§ Provided material:
_ _ _ _ _ _ _

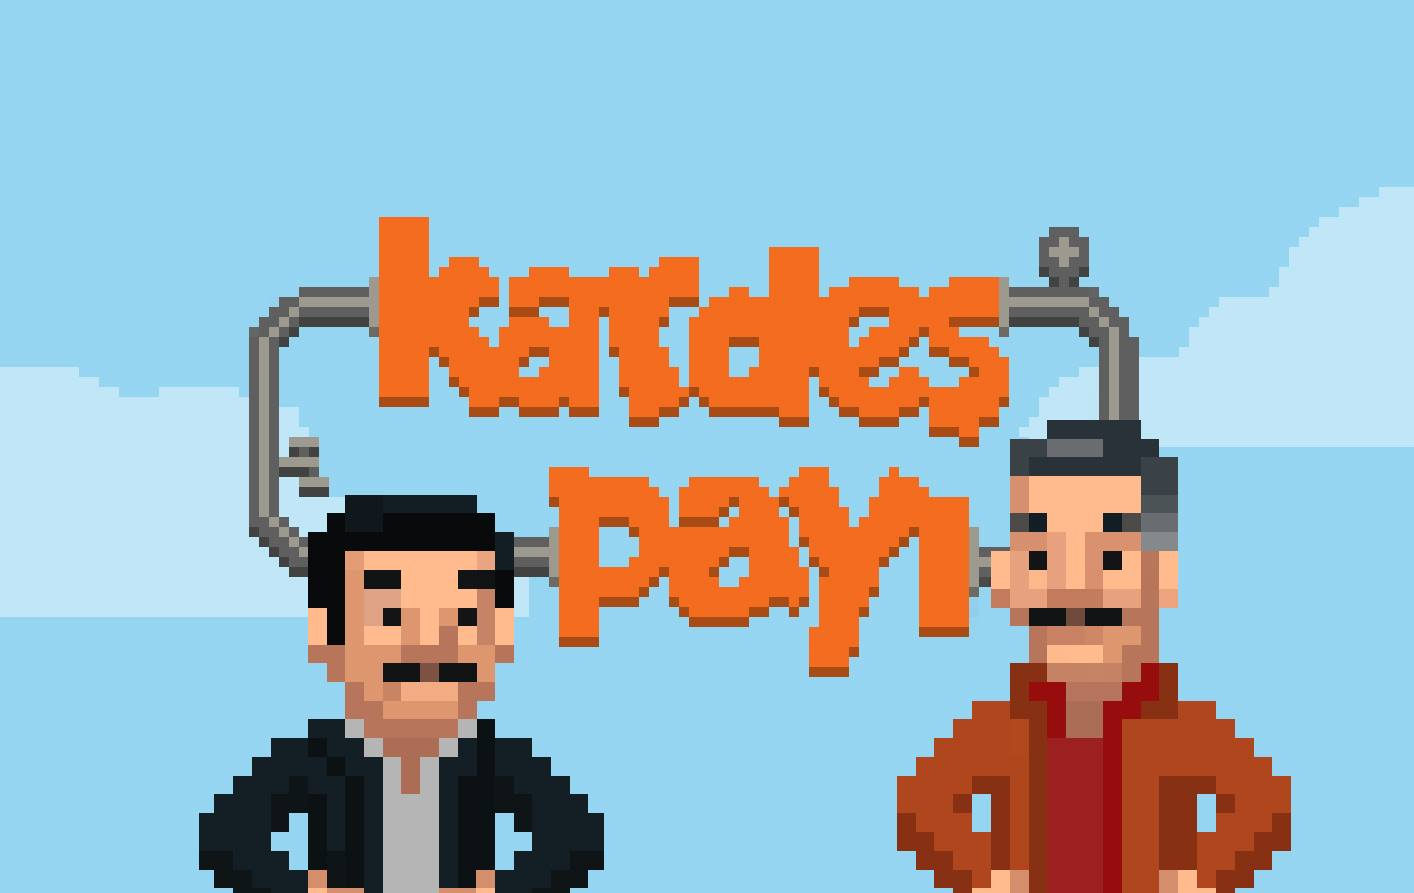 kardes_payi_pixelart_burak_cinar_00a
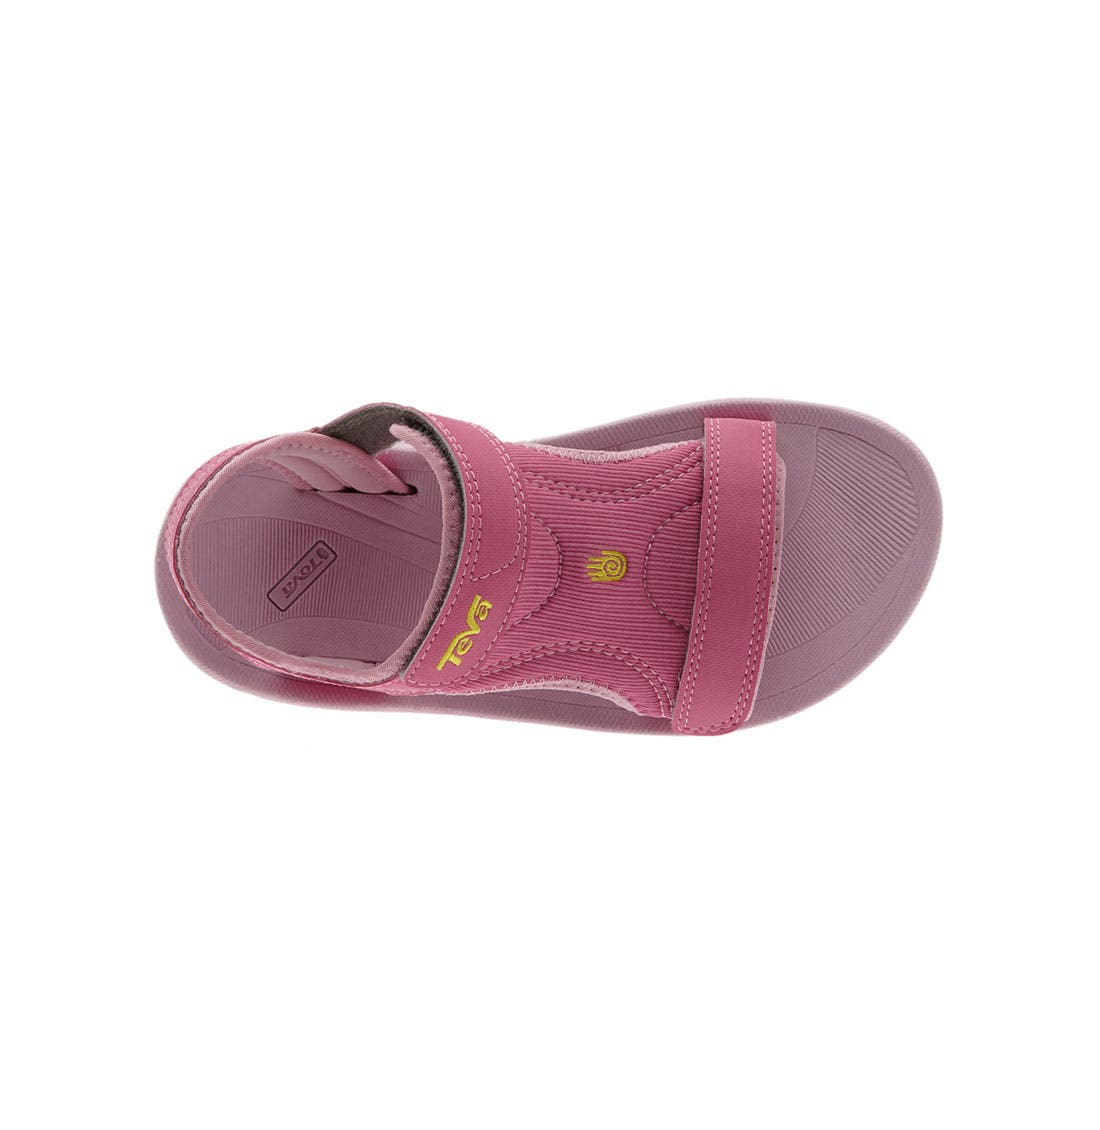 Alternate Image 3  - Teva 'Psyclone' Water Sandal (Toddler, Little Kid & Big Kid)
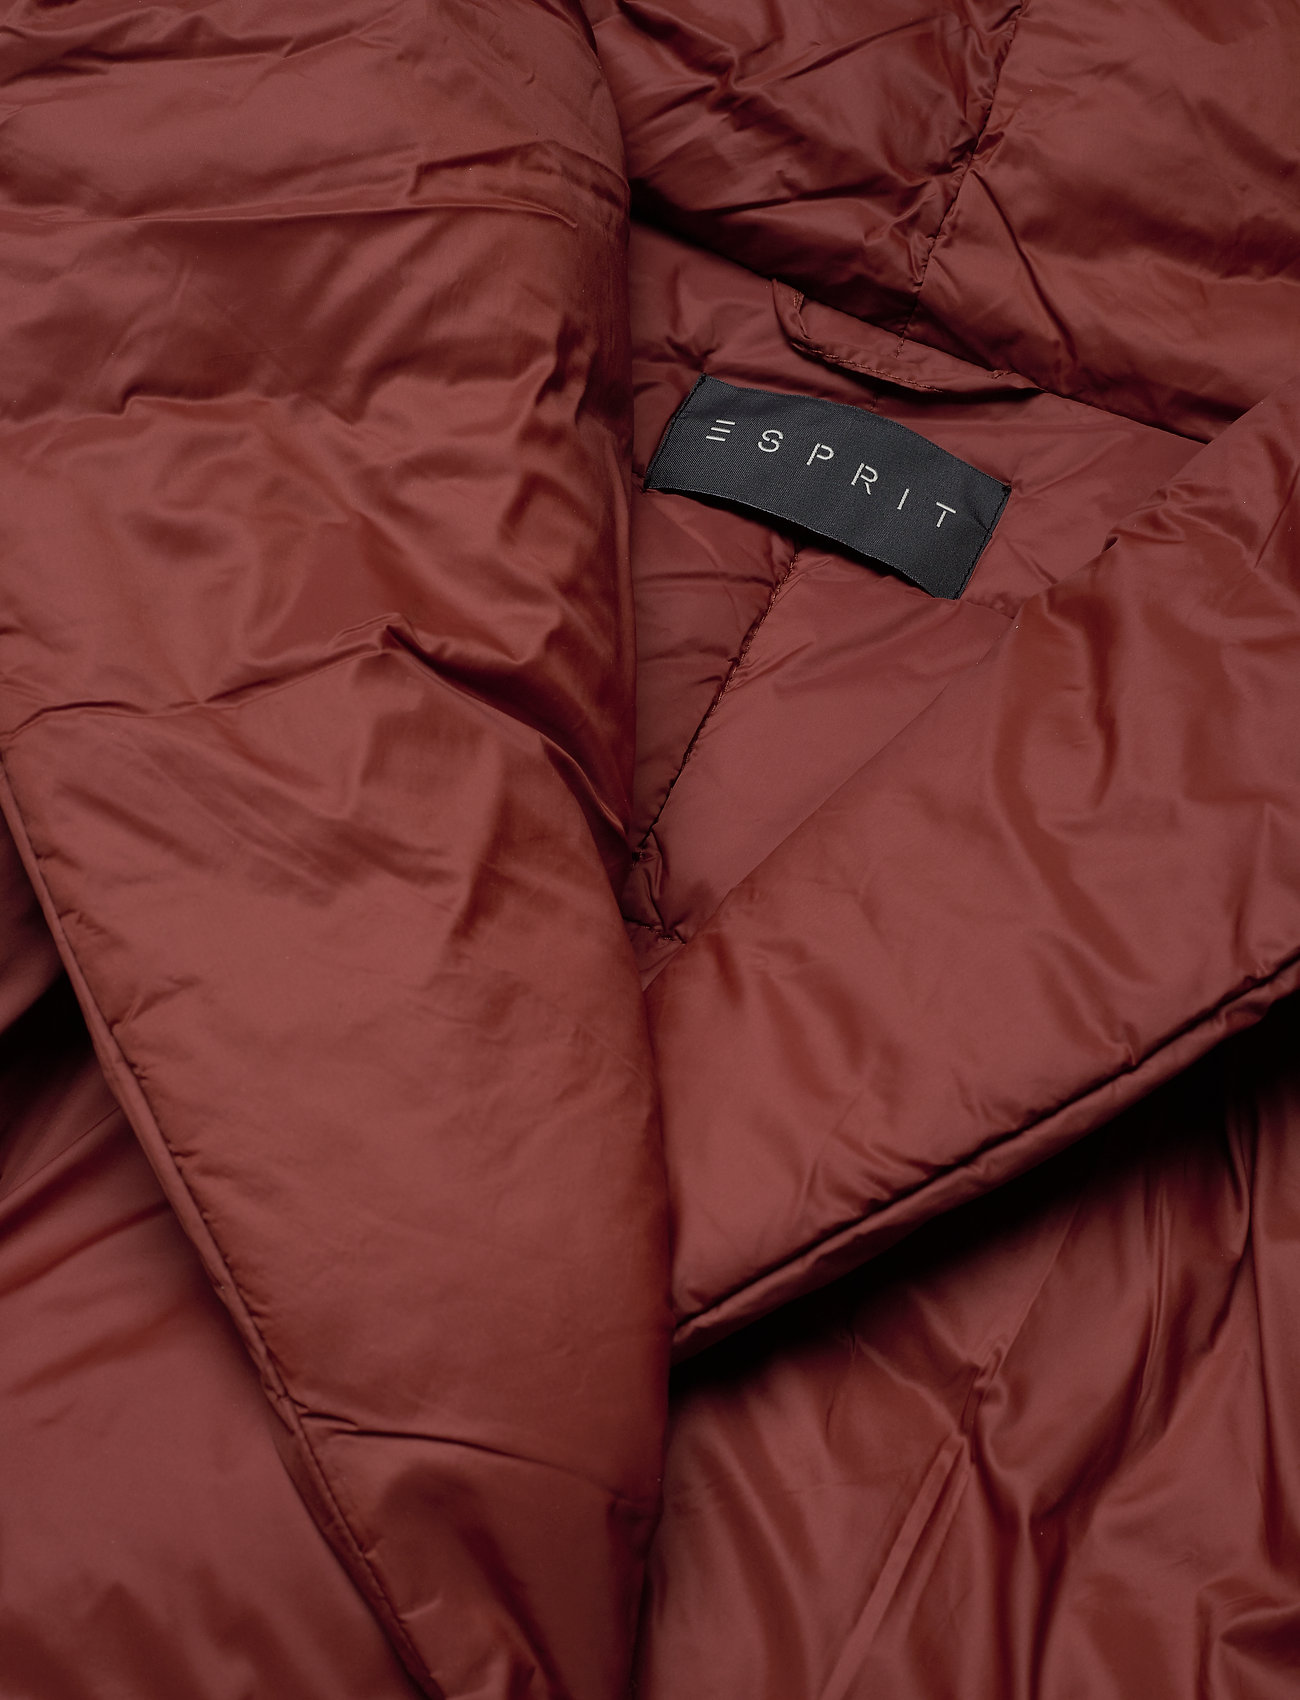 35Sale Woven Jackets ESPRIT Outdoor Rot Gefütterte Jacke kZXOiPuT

_ _ _ _ _ _ _

§ What the task asks: Pictures are to be left out, and each line from the one that contains "Alternate Image 3" through the end of the listing is to be copied exactly.

§ Response for this exercise:
 Alternate Image 3  - Teva 'Psyclone' Water Sandal (Toddler, Little Kid & Big Kid)
 35Sale Woven Jackets ESPRIT Outdoor Rot Gefütterte Jacke kZXOiPuT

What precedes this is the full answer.